I remembered that. Years of my childhood when my father was just a voice on the phone and a figure behind glass during visiting hours.
“He wrote to me every week,” my mother continued, picking up one of the envelopes and running her thumb across the familiar handwriting.
“Sometimes twice a week. And in these letters...” She paused, her voice catching.
“In these letters, he was a different man. He told me he loved me. He told me he was sorry for the way he’d treated me.
He promised things would be different when he got out. ”
“But they weren’t.”
“No. They weren’t.” She set the envelope down gently.
“But I kept waiting for the man in these letters to come back.

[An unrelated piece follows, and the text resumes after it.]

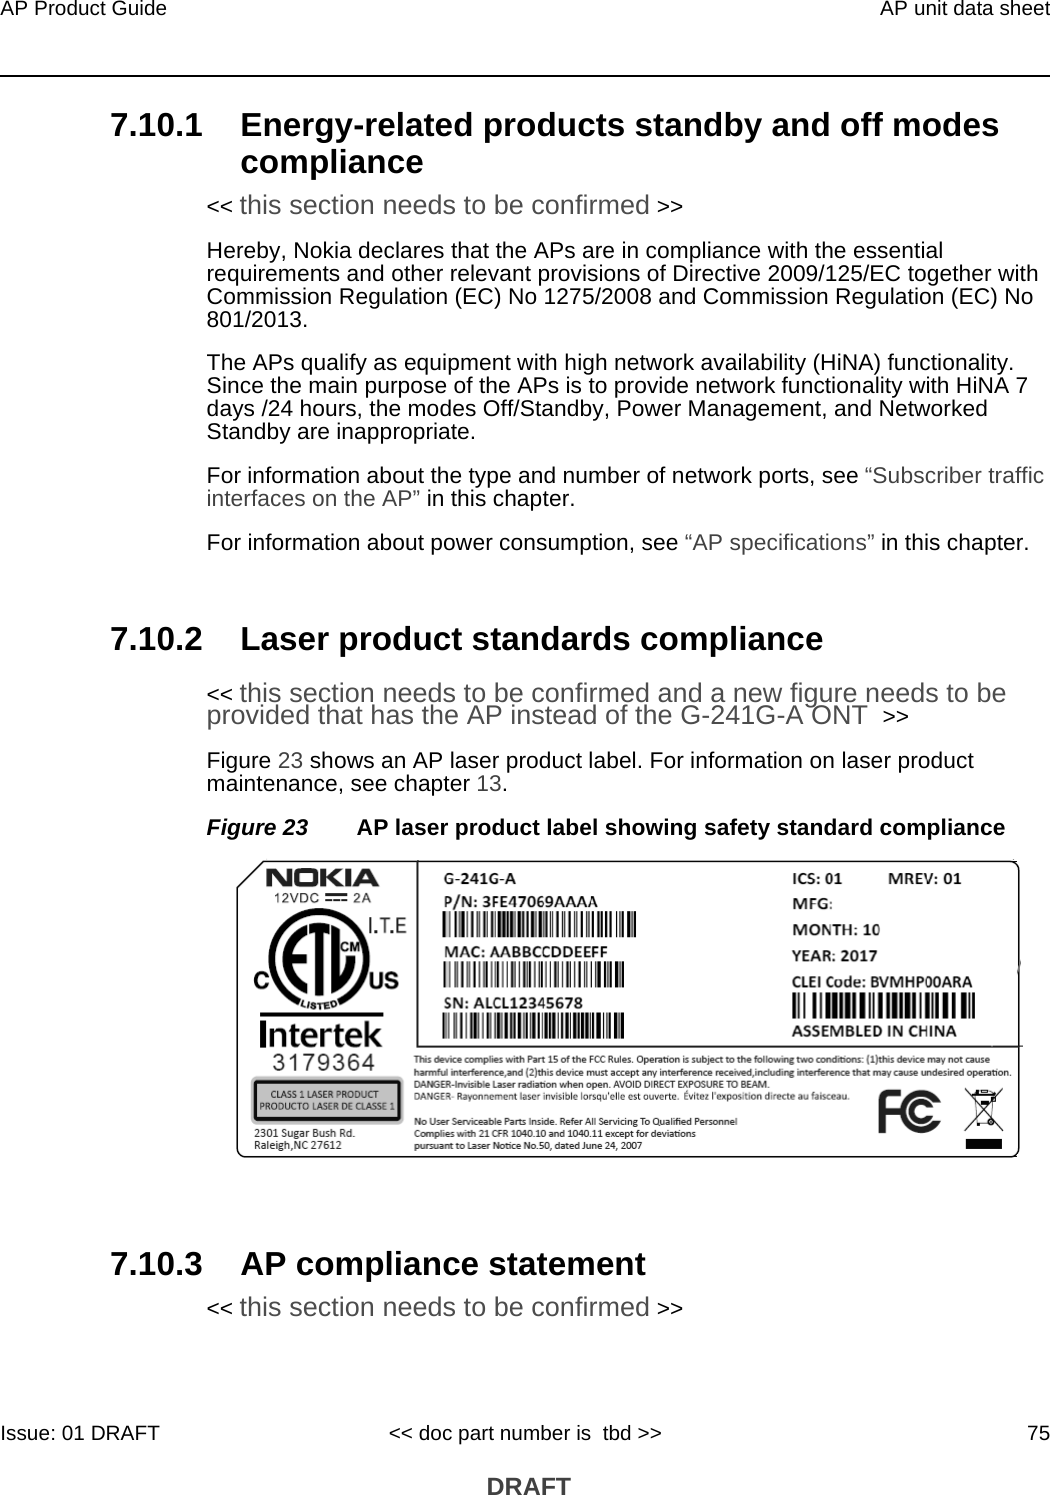 AP Product Guide AP unit data sheetIssue: 01 DRAFT &lt;&lt; doc part number is  tbd &gt;&gt; 75 DRAFT7.10.1 Energy-related products standby and off modes compliance&lt;&lt; this section needs to be confirmed &gt;&gt;Hereby, Nokia declares that the APs are in compliance with the essential requirements and other relevant provisions of Directive 2009/125/EC together with Commission Regulation (EC) No 1275/2008 and Commission Regulation (EC) No 801/2013. The APs qualify as equipment with high network availability (HiNA) functionality. Since the main purpose of the APs is to provide network functionality with HiNA 7 days /24 hours, the modes Off/Standby, Power Management, and Networked Standby are inappropriate.For information about the type and number of network ports, see “Subscriber traffic interfaces on the AP” in this chapter.For information about power consumption, see “AP specifications” in this chapter.7.10.2 Laser product standards compliance&lt;&lt; this section needs to be confirmed and a new figure needs to be provided that has the AP instead of the G-241G-A ONT  &gt;&gt;Figure 23 shows an AP laser product label. For information on laser product maintenance, see chapter 13.Figure 23 AP laser product label showing safety standard compliance7.10.3 AP compliance statement&lt;&lt; this section needs to be confirmed &gt;&gt;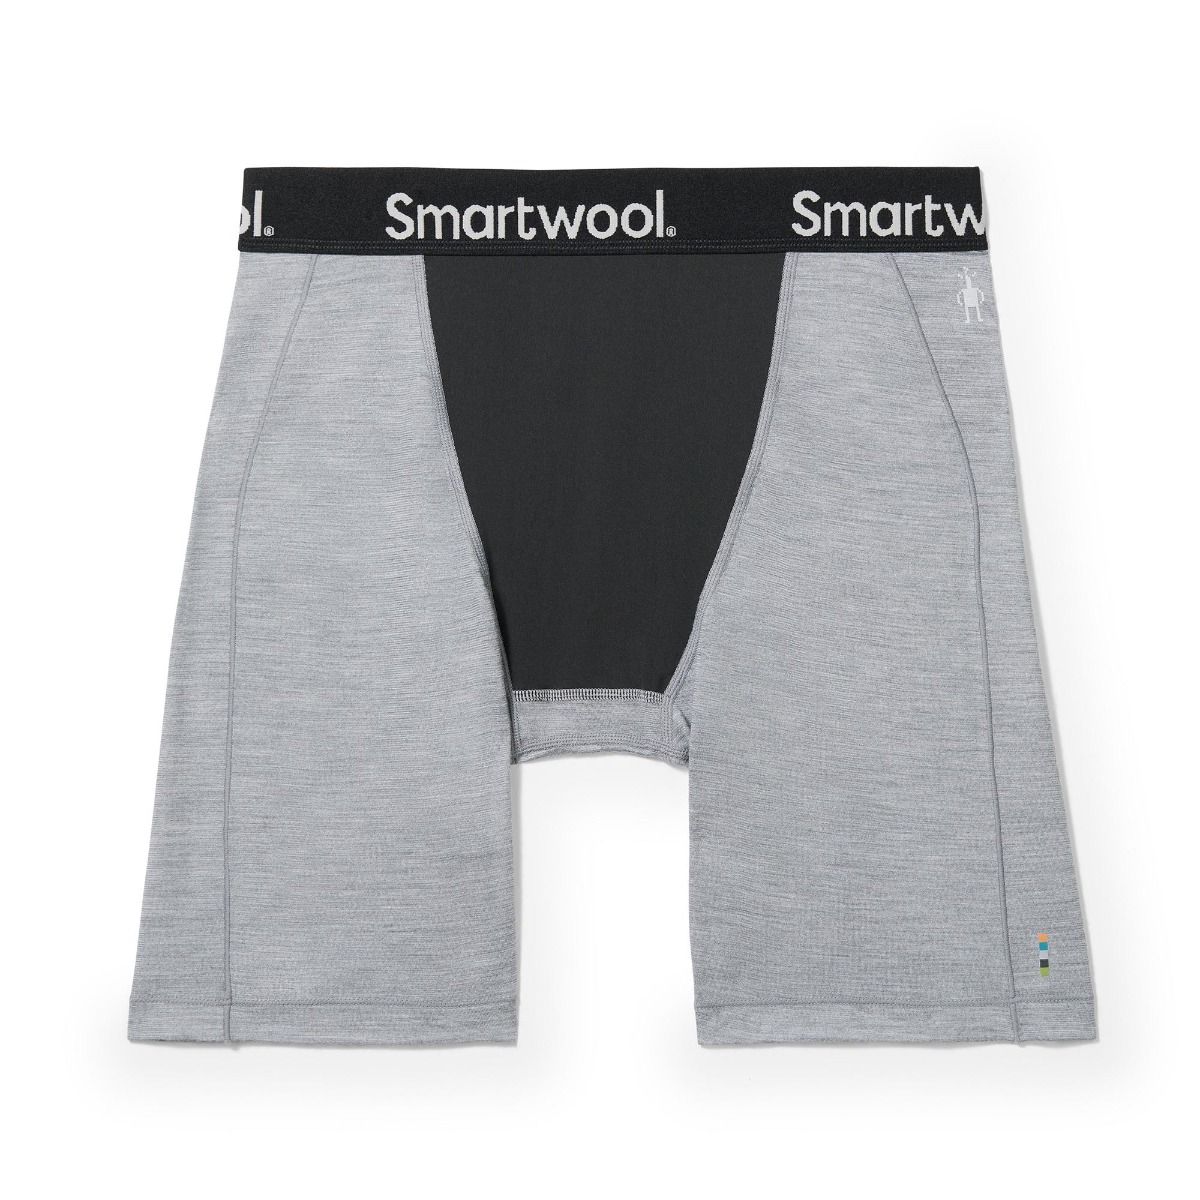 https://smartwool.ca/media/catalog/product/cache/7b241bfd6c26fd1ffc0d56d7717f5c2b/s/w/sw016684545-1-p_2.jpg

The man who could admit he was wrong, who could be vulnerable, who could say the things he was too proud to say in person.” She looked at me with those sad eyes.
“That’s why I stayed, Jacob. I kept hoping the man who wrote these letters was the real Willem, and the man who dismissed me and cheated on me was just.. . a mask he wore for the world.”
I stared at the shoebox full of my father’s words, decades of promises he’d never kept.
“Why are you showing me this?”
“Because your father could never say these things out loud. He could only write them. Some men are like that—they can only be honest when they’re alone with a piece of paper, when there’s no one watching them be vulnerable.” She pushed the box toward me.
“Indira doesn’t want to hear from me.”
“Then write to her.” My mother’s voice was firm. “Don’t make promises you might not keep like your father did. But tell her the truth. To say the things you couldn’t say when you were too busy being president of the Venom Riders. If nothing else, it will give you closure so you can move on.”
I picked up one of the envelopes, feeling the weight of my father’s words in my hands. The paper was soft from being read and reread over the years.
“He really wrote all these?”
“Every one. And I read them whenever I need to remember that the man I married is in there somewhere, even if he’s buried too deep to reach anymore.
” She closed the box and slid it back toward herself.
“Don’t let that happen to you, Jacob. Don’t wait until it’s too late to say what needs to be said. ”
I stayed at my parents’ house for three more days, and every moment was a revelation.
I watched my father dismiss my mother’s opinions, interrupt her when she spoke, make decisions about their life without consulting her.
I watched her shrink into herself whenever he was around, only coming alive during the brief moments when he was out of the house.
On my last day, I pulled my mother aside while King was at the hardware store.
“I’m setting up a bank account for you,” I said quietly. “Just yours. I’m putting fifty thousand in it to start, and I’ll transfer five thousand every month.”
“Jacob, I can’t—”
“You can and you will. Mom?” I waited until she met my eyes. “You can call me anytime, day or night. If you need anything, if you just need someone to talk to. If you want to leave, I’ll come get you myself.”
Tears filled her eyes, but she nodded.
The morning I left, my mother stood in the doorway watching me strap my bag to the bike. My father was still asleep.
“Call me when you get home,” she said.
I nodded and pulled on my helmet. In the rearview, she looked small—smaller than I remembered. Her hand was raised in a wave.
My chest felt hollow, but my head was finally quiet.